In a recent study, Ohio State evolutionary biologist Jonathan Calede described the ankle bone of a 30 million-year-old beaver he named Microtheriomys articulaquaticus. This makes this aquatic beaver seven million years older than the previous oldest from France. 

Calede explained that a lot can be learned about mammal evolution from rodents. “Look at the diversity of life around us today, and you see gliding rodents like flying squirrels, rodents that hop like the kangaroo rat, aquatic species like muskrats, and burrowing animals like pocket gophers. There is an incredible diversity of shapes and ecologies. When that diversity arose is an important question.”

“Rodents are the most diverse group of mammals on Earth, and about 4 in 10 species of mammals are rodents. If we want to understand how we get incredible biodiversity, rodents are a great system to study,” said Calede.

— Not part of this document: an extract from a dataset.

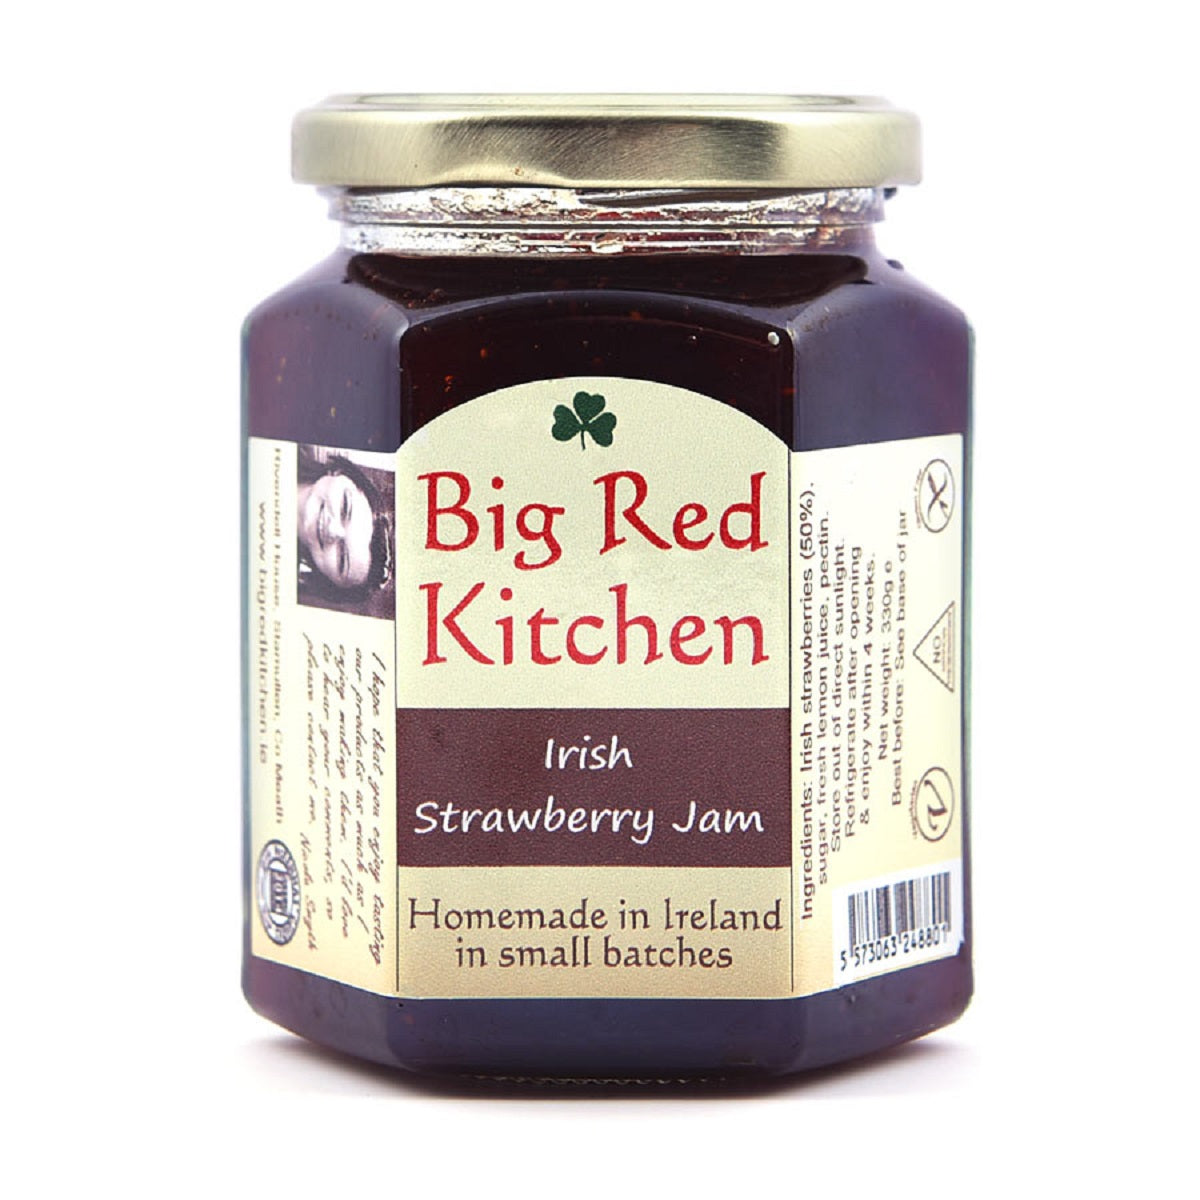 Big Red Kitchen Irish Strawberry Jam 330g

It was immediately apparent when the scientists uncovered the bones that they were from a beaver. The ankle bone was key to determining the animal’s lifestyle, and 15 measurements were taken of the bone. 

The measurements were compared to those of 343 modern specimens from burrowing, gliding, swimming, and jumping mammals as well as other ancient beavers.

After running computer analyses, Calede determined that beavers evolved their aquatic lifestyle through exaptation, which means co-opting one structure for a new purpose.        

“In this case, the adaptations to burrowing were co-opted to transition to a semi-aquatic locomotion,” said Calede. “The ancestor of all beavers that have ever existed was most likely a burrower, and the semi-aquatic behavior of modern beavers evolved from a burrowing ecology. Beavers went from digging burrows to swimming in water.”

Analysis of the beaver lineage shows that the animals in the lineage increased in size, to the point that a beaver the size of a black bear lived 12,000 years ago. Now what was once a diverse group of rodents is reduced to two species – one in North America and one in Eurasia.   

The study is published in the journal Royal Society Open Science.